December sauntered onto the Cape beguiling us with unusually mild weather and smiling down on the Christmas Stroll festivities in Harwich (Dec 3rd – Dec 5th). How easy to be tricked into thinking that maybe this winter could pass with an endless procession of similarly sun-filled days. I don’t think so. December’s true face will soon show and we’ll be pulling up the collars on our thick coats and pulling down our hats as far as we can and keeping out the cold.
But the inevitable arrival of chilly weather is always accompanied by a quite extraordinary gift to those who live or visit the Cape at this time of year – empty beaches! The pristine beaches of Cape Cod are some of the best in the USA and to be here in winter is to experience these sandy riches as if they are your own. It’s fair to say that summer has the advantage that you can plunge into Nantucket Sound without the need for an inch of lard encasing your body but in winter the throngs (and thongs) are gone and you can walk, run, skip or hop (whatever your pleasure) along the beach in blissful solitude.
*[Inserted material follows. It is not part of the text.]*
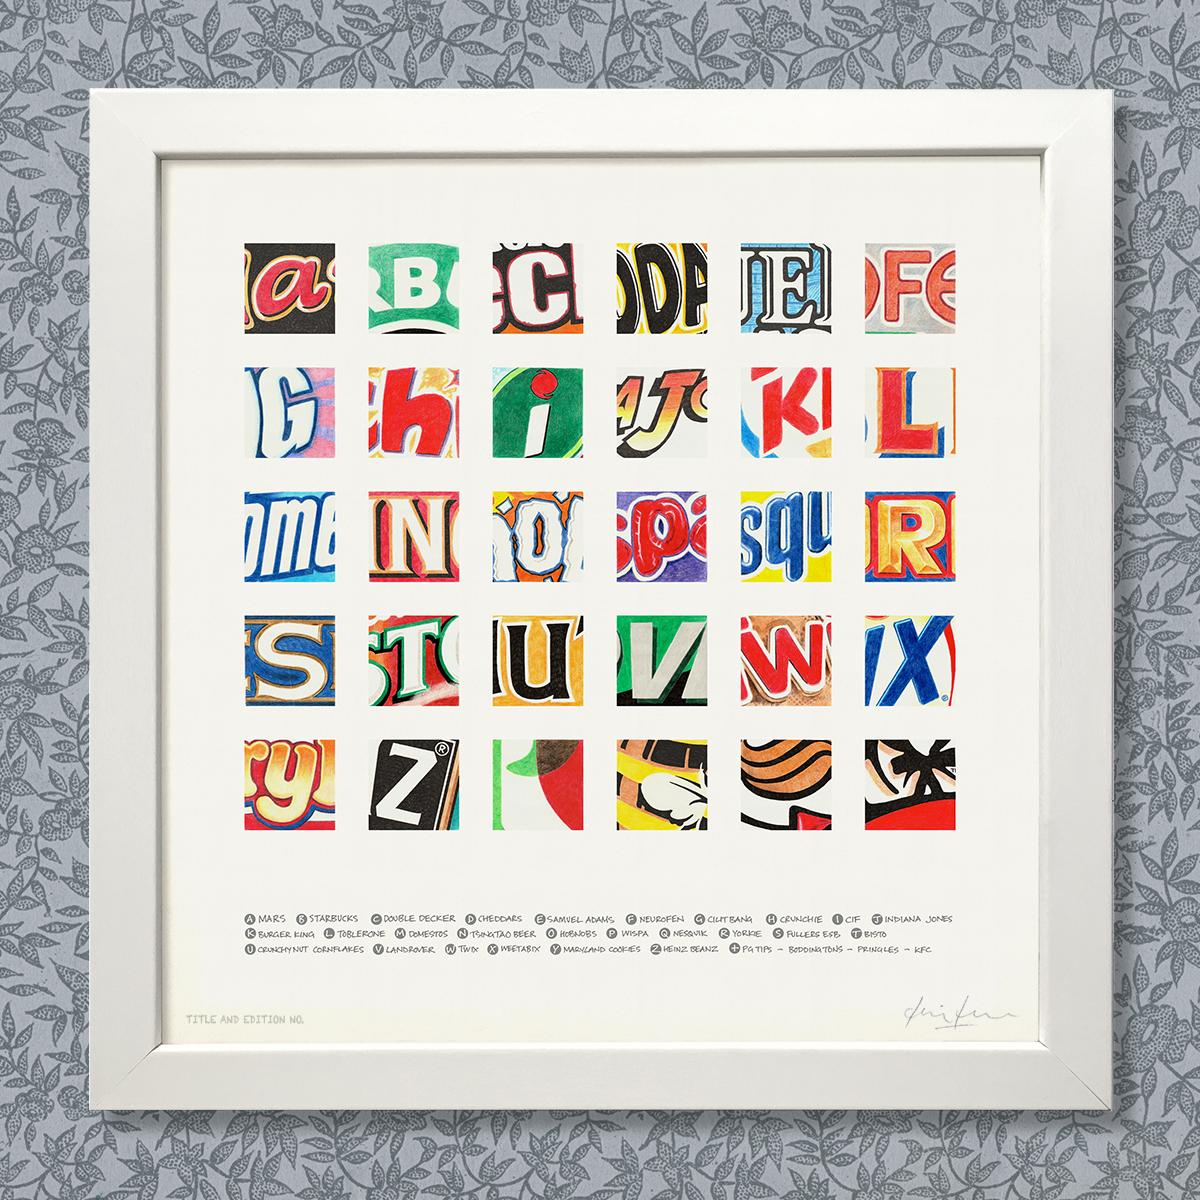 Limited edition print, a montage of letters from well-known brands in a white frame

I’ve always had a love for the sea and there is nothing more exhilarating for the soul than watching the unending march of waves to the shore and listening to the pounding percussion as the wave ends its long journey by crashing triumphantly onto the beach. It’s a quite elemental emotion that stirs the blood (well mine anyway) and many people have put it more eloquently than I including JFK “ …And when we go back to the sea – whether it is to sail or to watch it – we are going back from whence we came.”
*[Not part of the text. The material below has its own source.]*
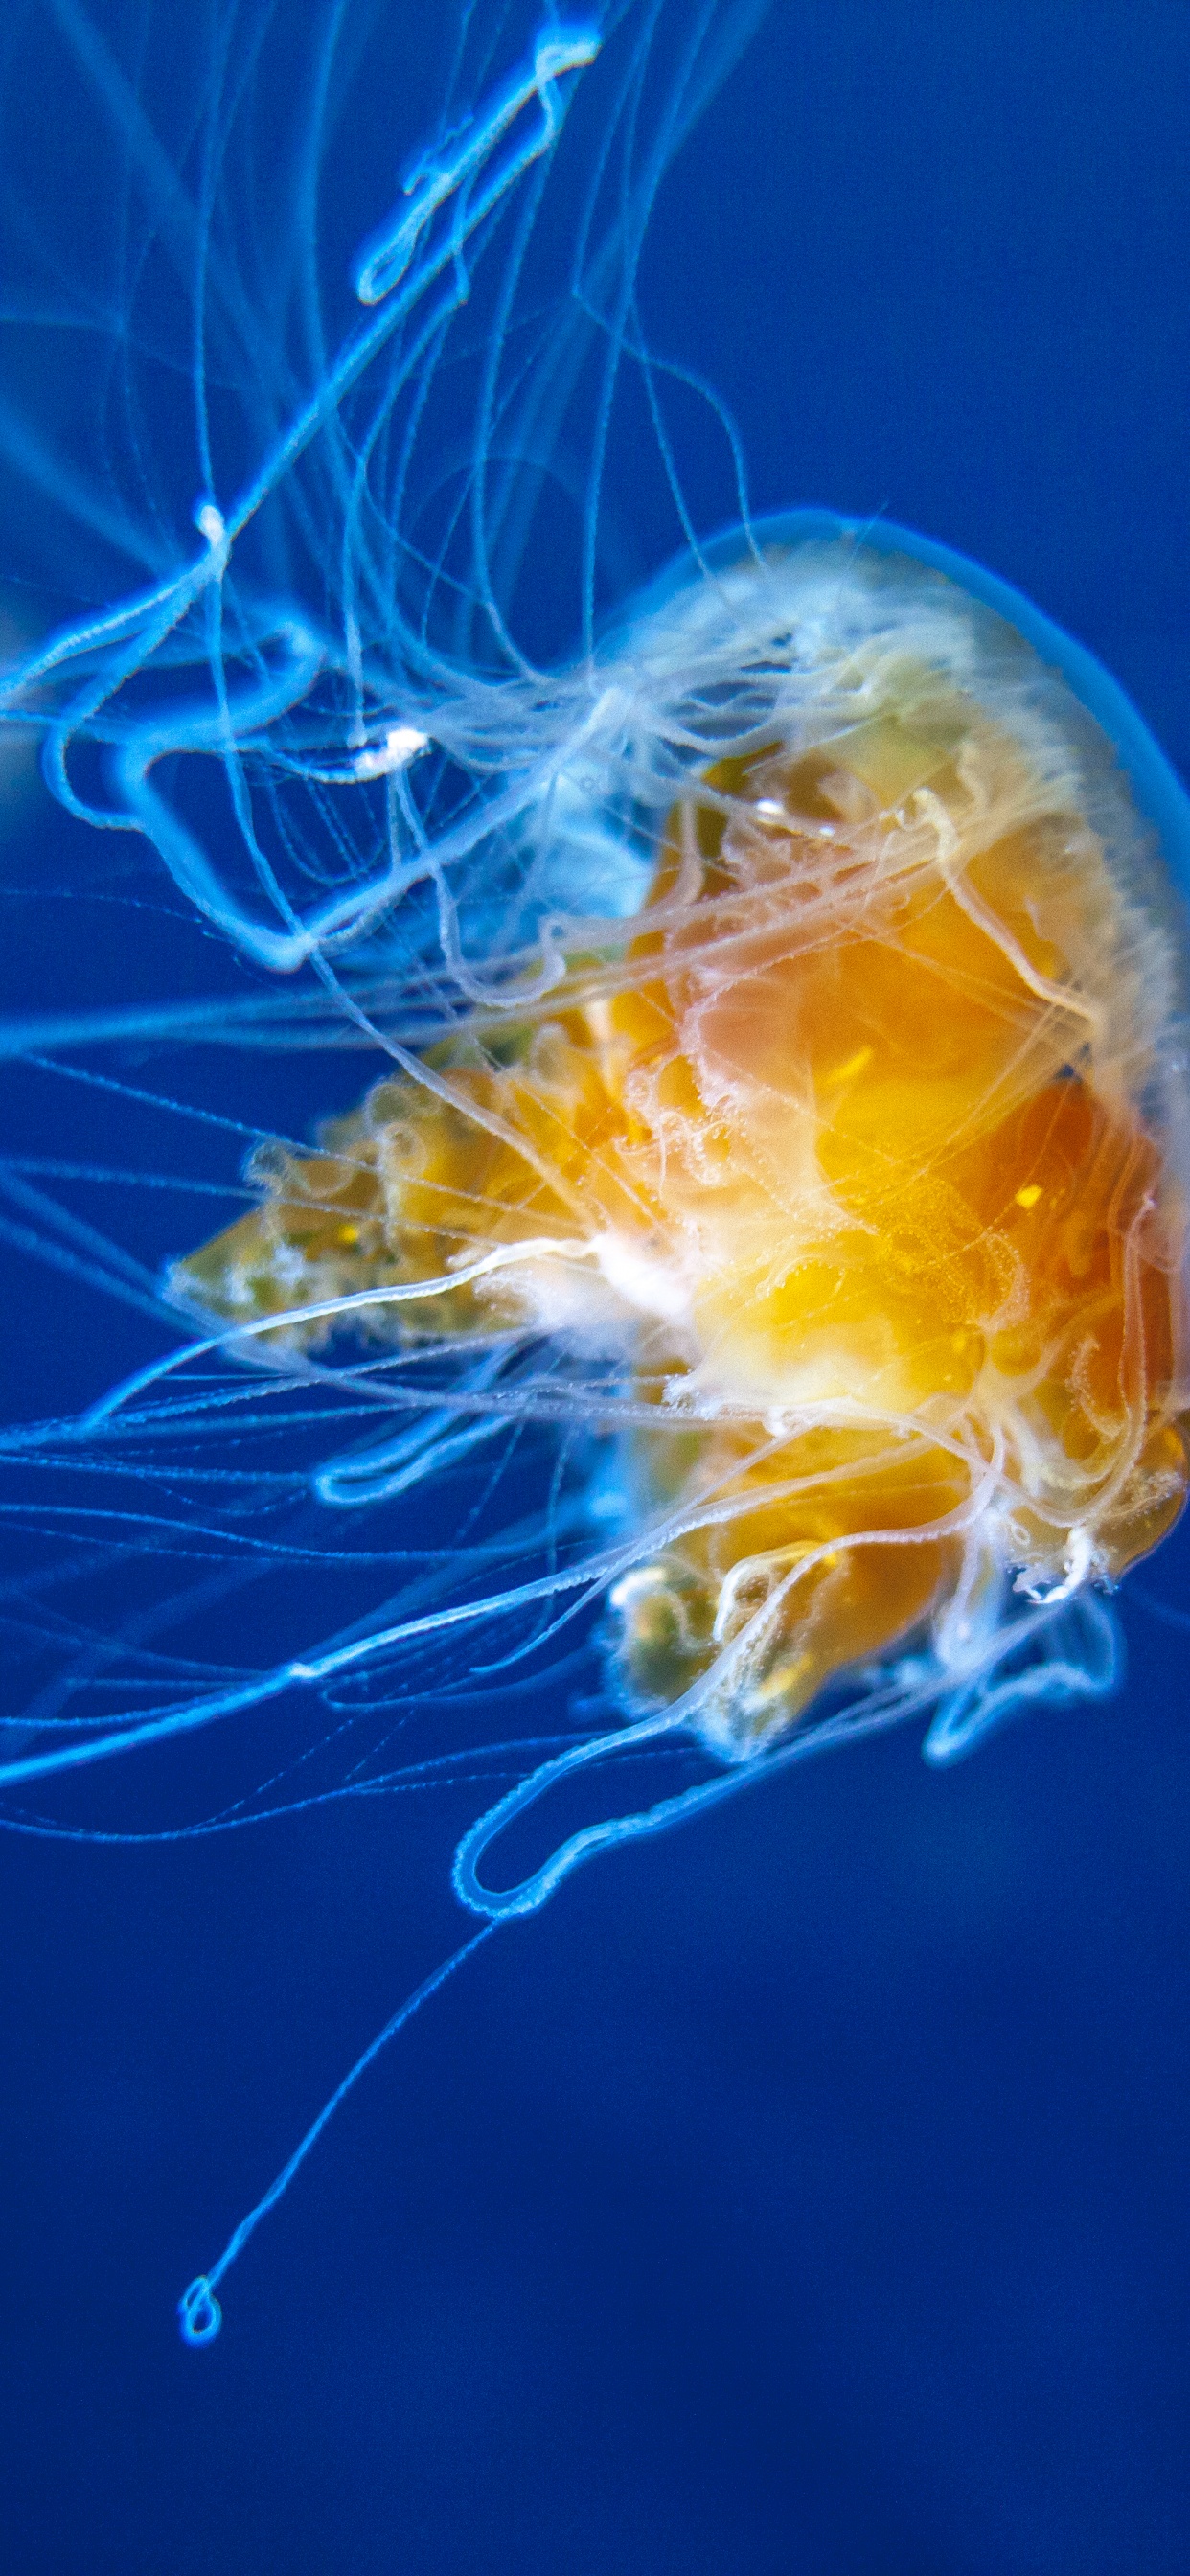 Yellow and White Jellyfish in Blue Water. Wallpaper in 1242x2688 Resolution

So I try to make the most of my luck and every day take the short stroll from our Cape Cod Bed and Breakfast down to Belmont Beach at the end of our road so that I can say hello to the sea, wave out to distant Nantucket and walk or run along the beach. I could say with the wind blowing through my hair but as I make Patrick Stewart (Captain Picard) look positively hirsute, that would be stretching my poetic license.